Huge Comet Discovered

A huge comet-like object has been spotted inside the orbit of Neptune. The object, at least 30 miles wide, is on the return leg of a 22,500-year journey around the sun, astronomers announced today.
Cataloged as 2006 SQ372, the interloper is just over two billion miles (3.2 billion km) from Earth, though its elongated trek takes it to a distance of 150 billion miles (241 billion km), or nearly 1,600 times the distance from the Earth to the sun.
The only known object with a comparable orbit is Sedna — a distant, Pluto-like dwarf planet discovered in 2003. But 2006 SQ372's travels take it more than 1.5 times farther from the sun. Its diameter is estimated at 30 to 60 miles (50 to 100 km).
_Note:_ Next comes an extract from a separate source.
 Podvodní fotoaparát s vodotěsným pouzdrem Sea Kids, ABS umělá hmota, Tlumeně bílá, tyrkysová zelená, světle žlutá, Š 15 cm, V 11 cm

"It's basically a comet, but it never gets close enough to the sun to develop a long, bright tail of evaporated gas and dust," said Andrew Becker of the University of Washington. Comet tails form when solar energy boils material off a comet.
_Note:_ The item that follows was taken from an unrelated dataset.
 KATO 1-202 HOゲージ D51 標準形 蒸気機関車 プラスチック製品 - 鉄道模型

The object is not a threat to Earth, which is good. A comet that size would cause global devastation. For comparison, the asteroid thought to cause the demise of dinosaurs was about 6 miles (10 km) wide. The comet Hale-Bopp, which put on a spectacular display in the late 1990s, is about 31 miles (50 km) in diameter. Yet many comets are just a mile or two wide.